Cool beans there sir - I'm sending off to @Matt Derrick


----------



## angerisagift (Jun 28, 2015)

Tude said:


> Cool beans there sir - I'm sending off to @Matt Derrick


SWEEEEEET!!! i know some peeps r looking 4 rvs/bus and some 4 alternative jobs/housing


----------



## Kim Chee (Jun 28, 2015)

Not an intro, moved to general banter

Internet hug for whoever creates a quality CL tutorial geared for StP members and the things we can often use: rideshare, gigs, services offered, buy/sell. Double hug if it offers great keywords to use and helpful hints.


----------



## Odin (Jun 28, 2015)

sounds like something @highwayman would be good at...
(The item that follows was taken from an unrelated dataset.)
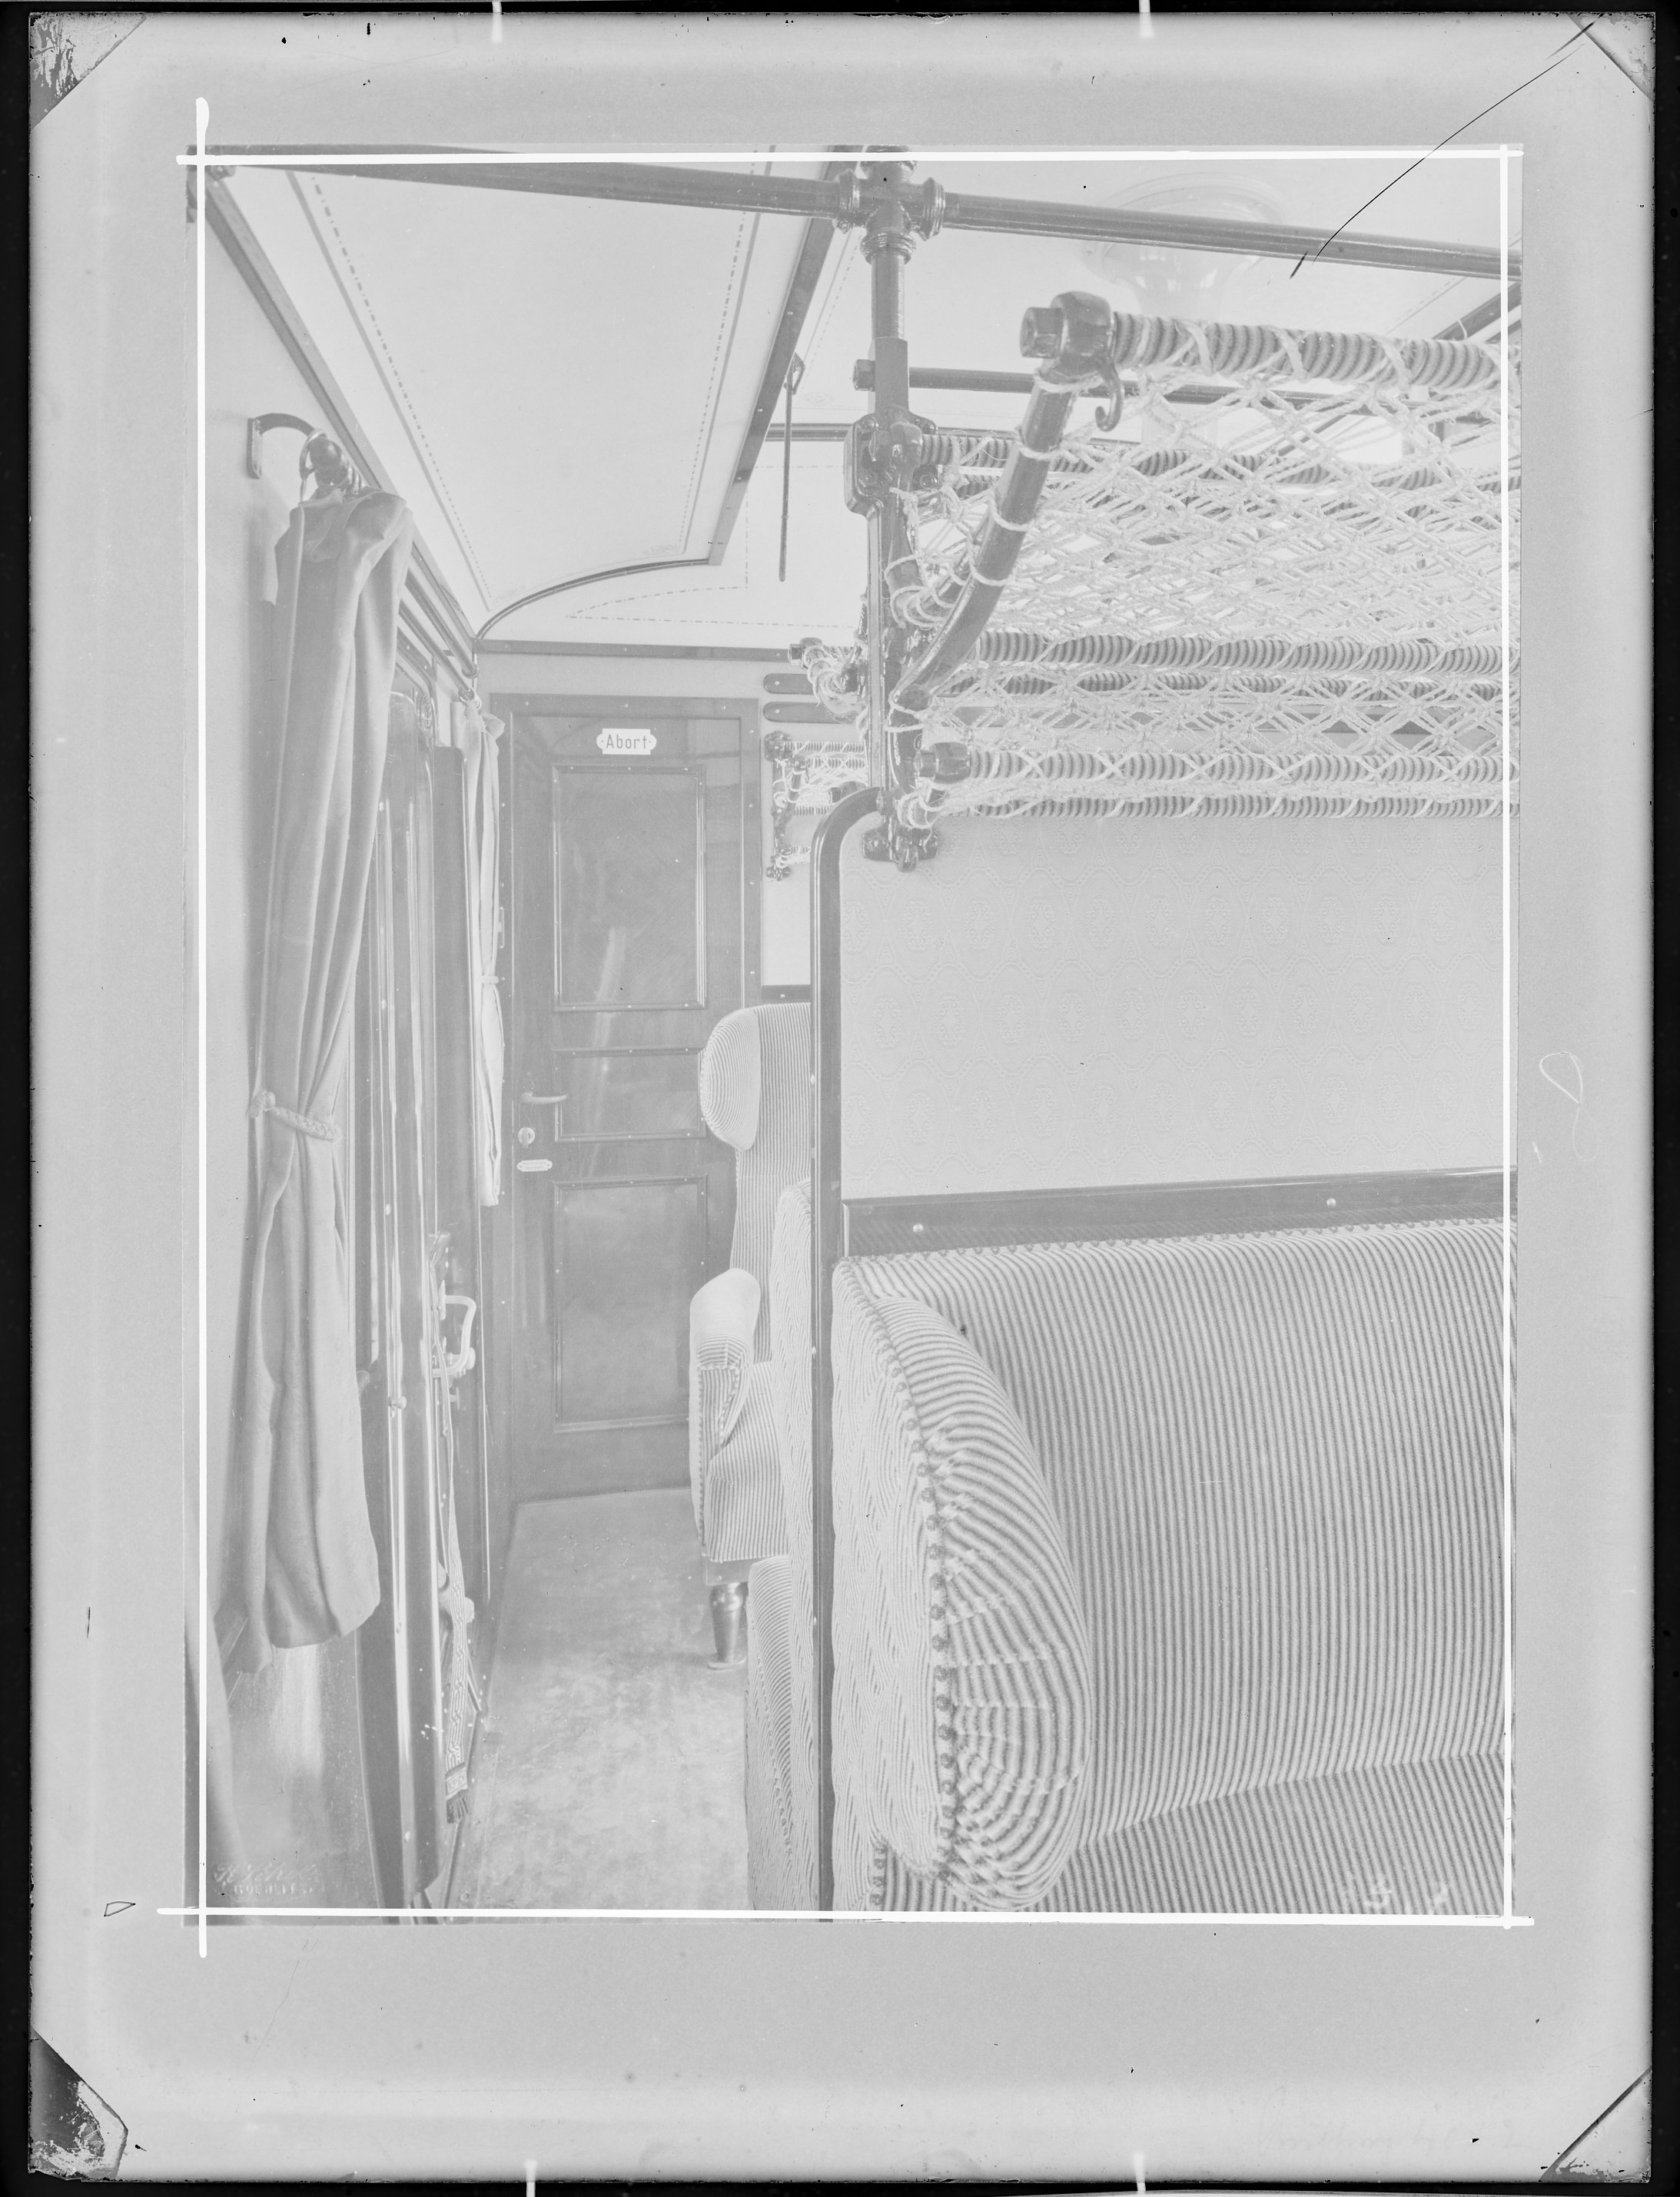 Fotografie: Abteil zweiter Klasse (Innenansicht), Seitengang mit Blick zur Toilettenraum-Tür, um 1902? (Verkehrsmuseum Dresden CC BY-NC-SA)

not to put him on the spot...


----------



## Deleted member 20 (Jun 28, 2015)

I do use craigslist daily & have had much luck with it solving much of my lifes needs. I think that with much of things posted on CL, they are geographically & time sensitive. One must be johnny on the spot at times to take advantage immediately. When I find something really special & specific to our community I will repost on STP for others. I am sure that I have loads of valuable info to offer a tutorial, except time. I will start working on something.


----------



## Kim Chee (Jun 28, 2015)

@highwayman, that would be awesome if you could.
Here's the first hug just for considering the task:


----------



## East (Jun 28, 2015)

The best craigslist tool I've ever used is IFTTT (https://ifttt.com/connect/craigslist/gmail) . Say you want to see all "van" posted under "$1500" in "vehicles-by owner" in a specific area, you can set up a script to send you an email as soon as new stuff for that search gets posted. If you have notifications for emails set up on your smartphone you'll likely be the first to know about the posting and can be right on top of it. That's just one example. You can also set up general ones so every time someone posts something under "free", for example, it will send you an email right away (this might crowd your inbox though). You could add a location to a query (e.g. california, west, denver) in rideshares and get emailed as soon as someone posts something involving that, or "backpack" in sporting goods, etc. Basically your imagination is the limit. It does take a bit of tinkering, but I think it works pretty well.


----------



## Kim Chee (Jun 28, 2015)

East said:


> The best craigslist tool I've ever used is IFTTT (https://ifttt.com/connect/craigslist/gmail) . Say you want to see all "van" posted under "$1500" in "vehicles-by owner" in a specific area, you can set up a script to send you an email as soon as new stuff for that search gets posted. If you have notifications for emails set up on your smartphone you'll likely be the first to know about the posting and can be right on top of it. That's just one example. You can also set up general ones so every time someone posts something under "free", for example, it will send you an email right away (this might crowd your inbox though). You could add a location to a query (e.g. california, west, denver) in rideshares and get emailed as soon as someone posts something involving that, or "backpack" in sporting goods, etc. Basically your imagination is the limit. It does take a bit of tinkering, but I think it works pretty well.



This is definitely the kind of stuff which I hope would make its way into a tutorial.


----------